Уилл сидел неподвижно и слушал, следуя внутренним взором за переплетающимися потоками света, которые, вместе с потоками музыки, текли в бесконечности от секвенции к секвенции. И в каждой фразе донельзя знакомой мелодии открывалась небывалая красота, восходящая вверх, будто фонтан из множества струй, к новому откровению, столь же незнакомому и удивительному, как сама эта музыка. В едином потоке сливались солирующая скрипка и две флейты, переливы арфы и оркестр разнородных струнных. Раздельные, различные, обособленные – но неотделимые друг от друга, и каждый голос выявлялся по отношению к целому, частицей которого он являлся.
– О Господи! – прошептал Уилл.
Во, всей изменчивости переходов флейты тянули одну-единственную долгую ноту. Она была без верхних призвуков – ясная, чистая, божественно пустая. Нота (слово всплыло из глубины) чистейшего созерцания.
Это была еще одна вдохновенная непристойность, которая приобрела теперь конкретное значение, и ее также можно было упоминать без стыда. Чистейшее
– Он – логик-позитивист, – сказал Уилл.
– Кто?
– Этот клавесин.
И сам Уилл, в пустотах своего сознания, мыслил как логик-позитивист – даже находясь в глубинах Света и текущей в вечности музыки. Как логик-позитивист, рассуждающий о Плотине и Жюли де Леспинас.

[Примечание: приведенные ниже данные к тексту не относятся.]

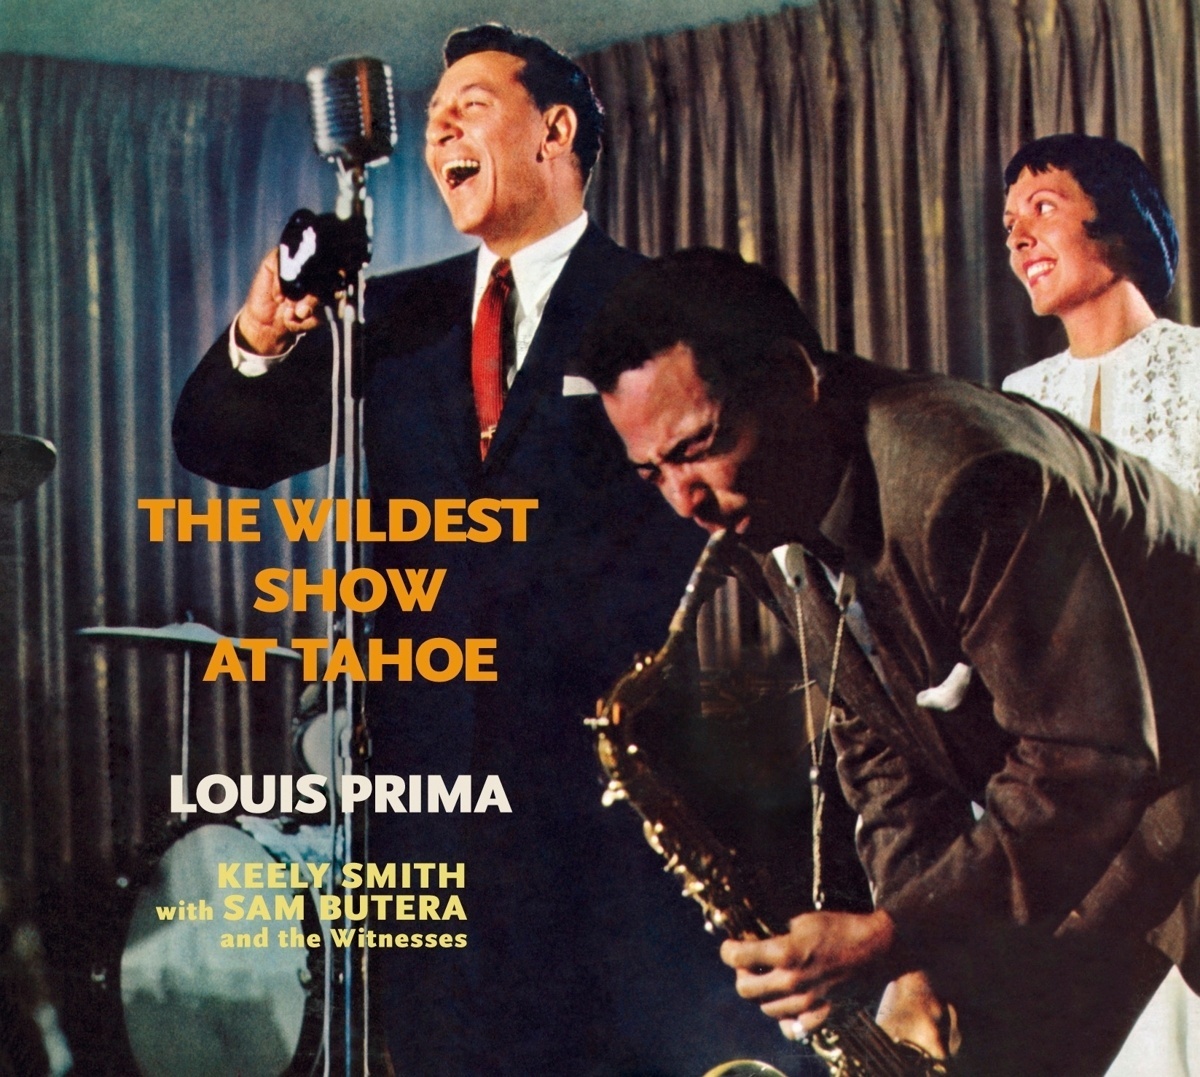 The Wildest Show At Tahoe+Strictly Prima!+4 Bo - Louis Prima & Smith Keely With Butera Sam & The Wi. (CD)

Музыкальный поток чуть изменился: долгую ноту размышления поддерживала теперь страстная скрипка, а две флейты вели тему активного действия, но играли по-прежнему отрешенно, – субстанция каждого голоса была отлита в новых формах. А вокруг трио – то наскакивая, то удаляясь, – танцевал логик-позитивист: нелепый, но нужный всем, и пытался объяснить происходящее на неподходящем для этого языке фактов. В вечности, реальной, как дерьмо, Уилл слушал переплетающиеся потоки звуков и созерцал переплетающиеся потоки света, будучи – здесь, везде и нигде – всем тем, что видел и слышал. И вдруг видение света переменилось. Переплетающиеся потоки и видоизменения отдаленного постижения всяческих частностей перестали представлять собой единый континуум. Потоки света преобразились в бесконечную последовательность отдельных форм. Формы эти продолжали нести в себе лучезарное блаженство нераздельного бытия, но уже обособленного, ограниченного, индивидуализированного. Серебристые, розовые, желтые, бледно-зеленые, голубые, как генцианы, – неисчислимое количество сияющих сфер выплывало из некоего скрытого источника форм и, вместе с музыкой, выстраивалось в узоры невообразимой сложности и красоты. Неистощимый фонтан, струи которого складывались в осмысленные рисунки, в кристаллы живых звезд. Глядя на них, он жил их жизнью и жизнью музыки, которая была то же, что они, а они уже перерастали в иные формы, заполняя трехмерное внутреннее пространство и непрестанно меняясь в иных, бессчетных измерениях качеств и значимостей.
– Что ты слышишь? – спросила Сьюзила.
– Слышу зримое; и вижу слышимое.
– Как бы ты это описал?
– Это выглядит, – поразмыслив, ответил Уилл, – как сотворение. Но не ограниченное кратким сроком, а безостановочное, вечное сотворение.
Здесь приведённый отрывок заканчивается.